In that moment, we became part of the 1/3rd of infertile couples coping with male and female factor infertility simultaneously.

Our doctor's words hovered over me. "I will support you if you feel you need to try IVF one more time with your eggs but I want to be clear... and I believe that you understand this already, I am no longer medically recommending that course of treatment. I do not believe we will have a different outcome. We will not be able to use your eggs to create a healthy live birth. Are you prepared to discuss using an egg donor?" Our vision of what it means to create a family took on a whole new world of understanding.

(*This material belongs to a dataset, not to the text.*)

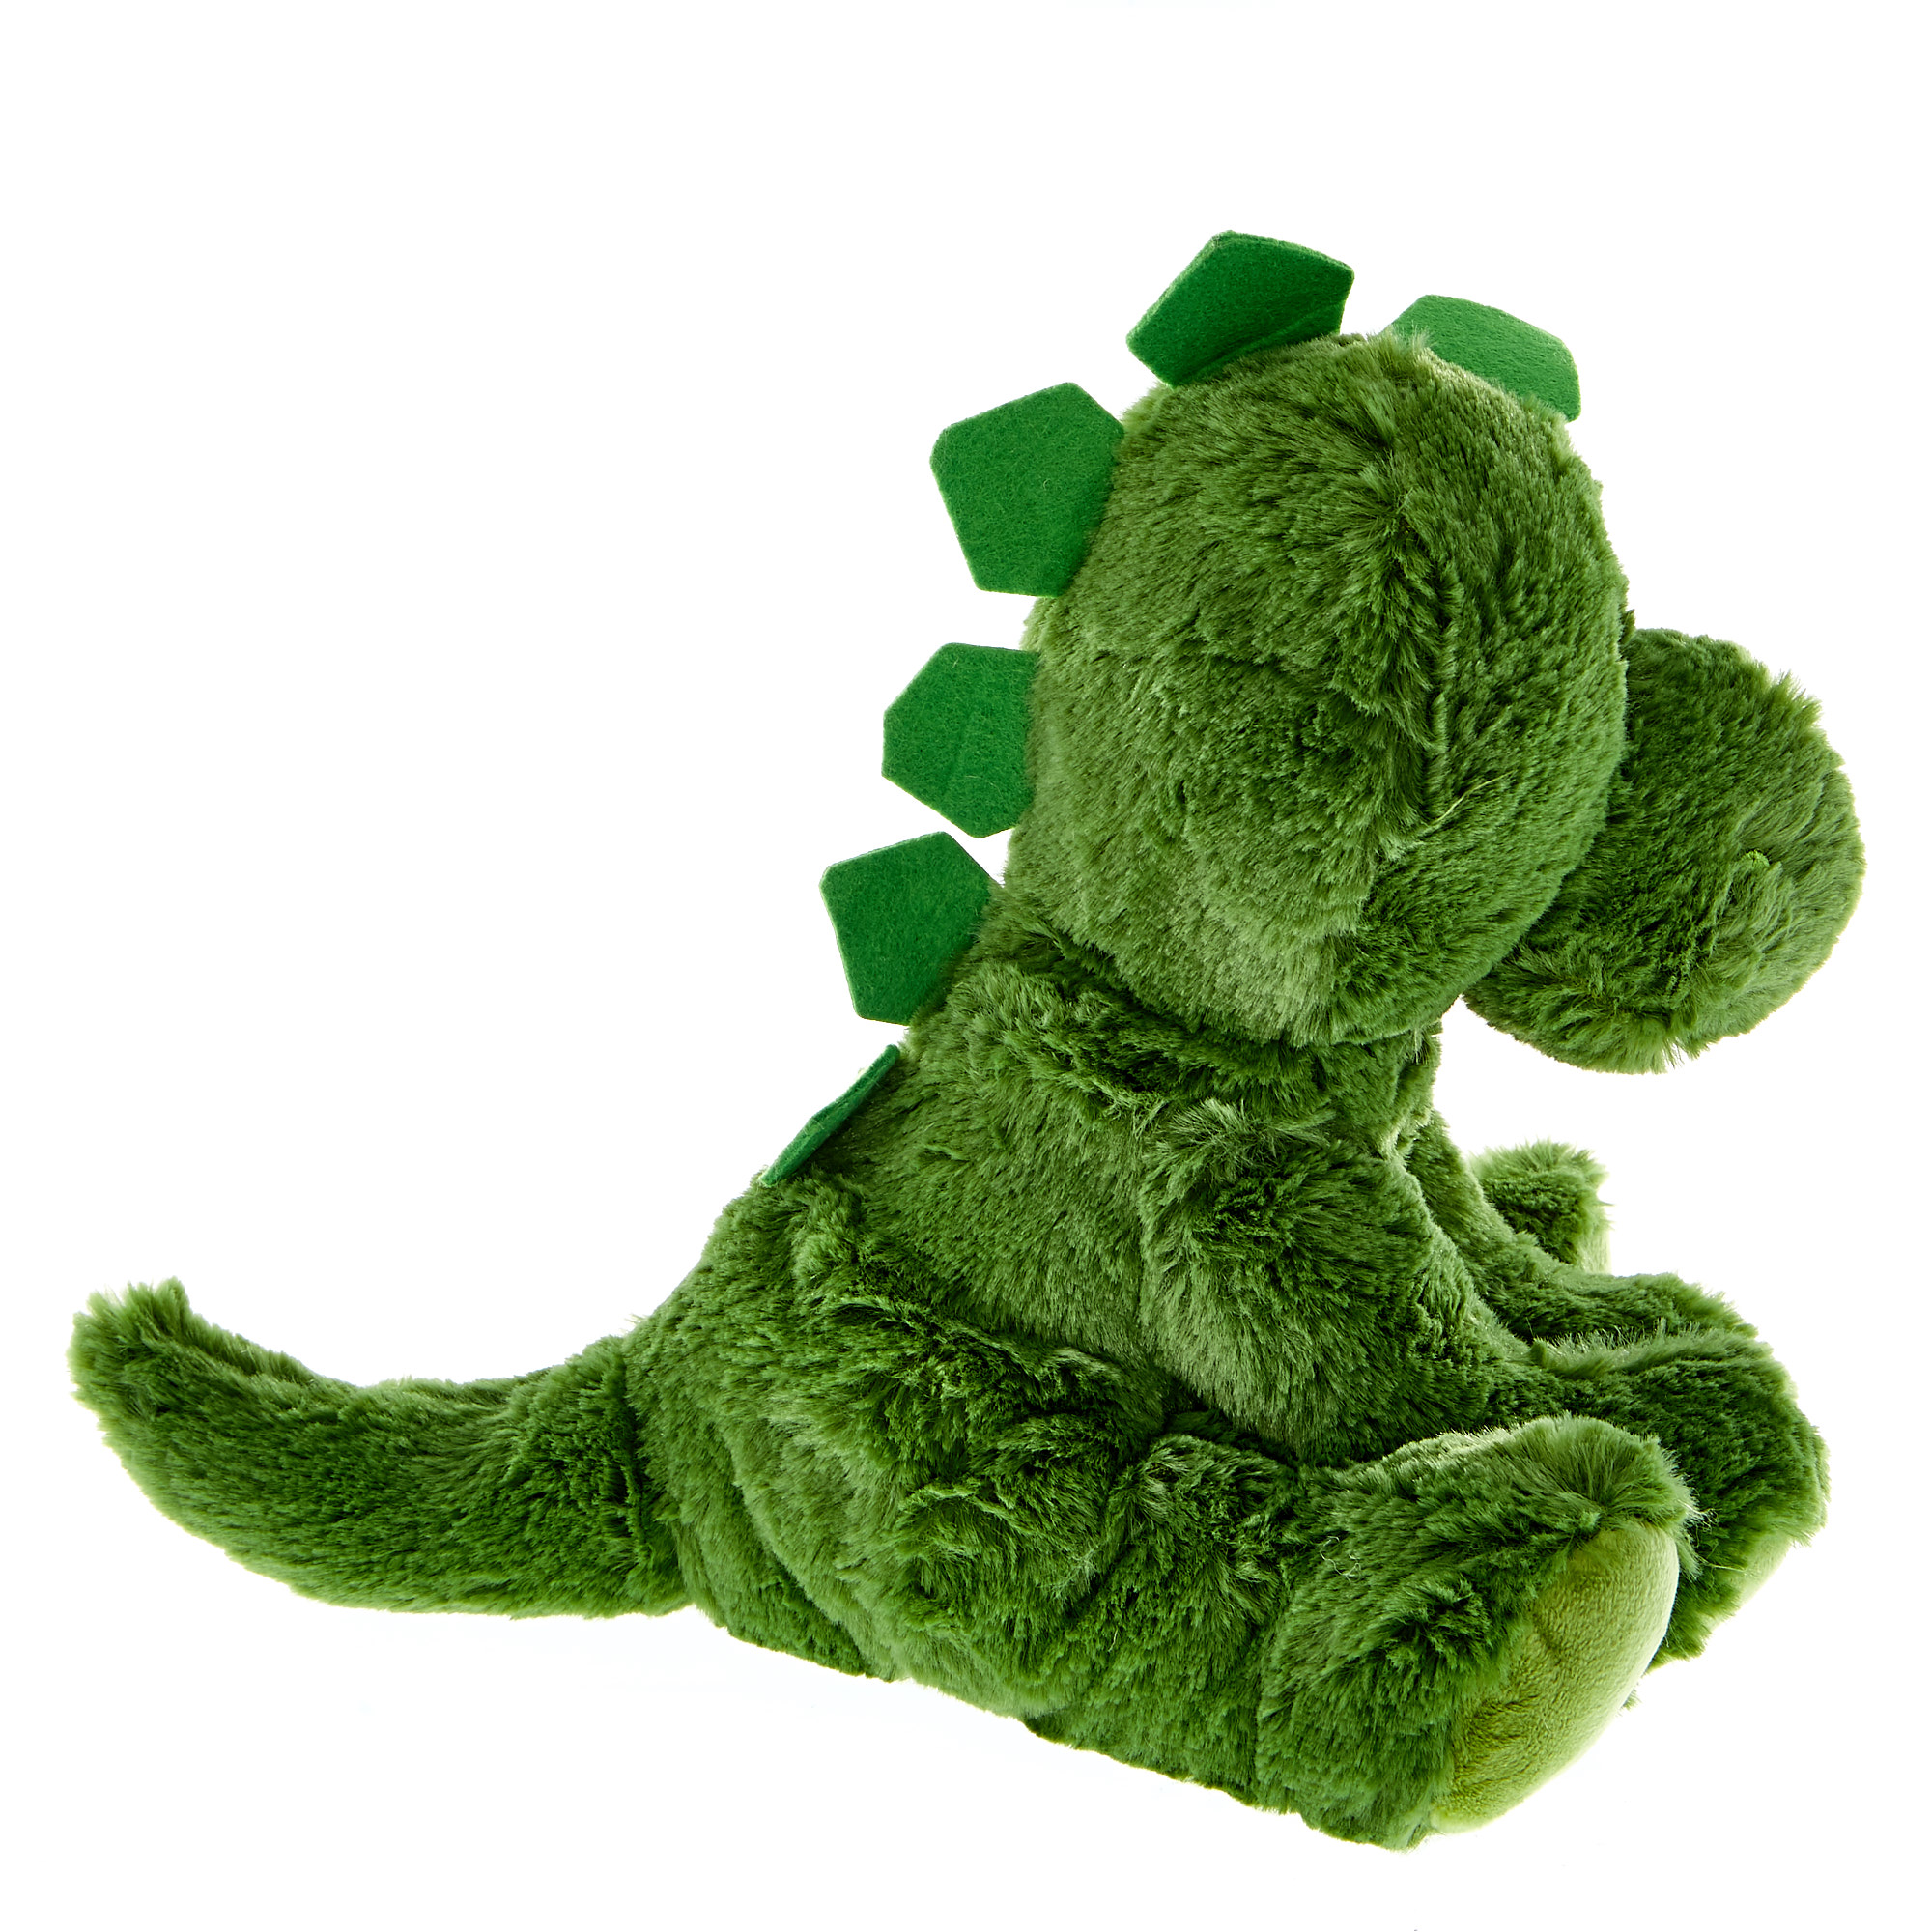 Green Dinosaur Soft Toy

As the days began to pass I caught myself studying my own features. My smile, my eyes, the knees I have always oddly disliked, who did I get them from anyway? The hair I colored over the years because it irrelevantly was "too dark." It had been passed down to me from the family I was genetically linked to, did that have any meaning? I do resemble my grandmother at certain times in her life, don't I? I was no longer able to share highs and lows of hoping for a little one with my dimples and my husband's kind blue eyes with the strangers who had become friends in this battle. Where did I fit?

The "what if's "and the "how's" and the "should we's," flooded my mind. If we do this: who would be the woman that would give our daughter the wrinkle in her nose? Who would be the woman whose genes contributed to our son being right handed instead of left like me? How many people would accidentally ask me who the 'real mom' is? I couldn't help but notice the subtle yet heavy emphasis others placed on their children being like them in either looks or personality. Would these same people understand my bond would be built entirely on our souls getting to know one another? Would my son bond more with my husband because they would have the opportunity to share the same nose and propensity for science? Would my teenage daughter someday scream to me that I wasn't her real mom? The flood didn't stop, how can anyone afford this process? Why doesn't health insurance help with any of this? Would my child love me less?

The biggest questions of them all:

Would this child feel any amount of pain as a result of a decision I would be responsible for making? How will I ensure that they know they, exactly as they are, exactly as they came to me, are fully and wholeheartedly, enough.

It is interesting thinking about parenthood from this perspective before it even begins. It affords me a window view that I am not sure people outside of the purview are privy to seeing. The genuine knowing that being a parent doesn't dictate the ability to protect or shield a child from all pain but rather a vulnerable willingness to stand directly in front of the fire next to them and teach them how to walk through it, even when we aren't entirely sure ourselves.

Those last questions burn tears behind my eyes some days and yet ironically, it is also how I know that I am supposed to become their mother. So, until then, I just keep showing up.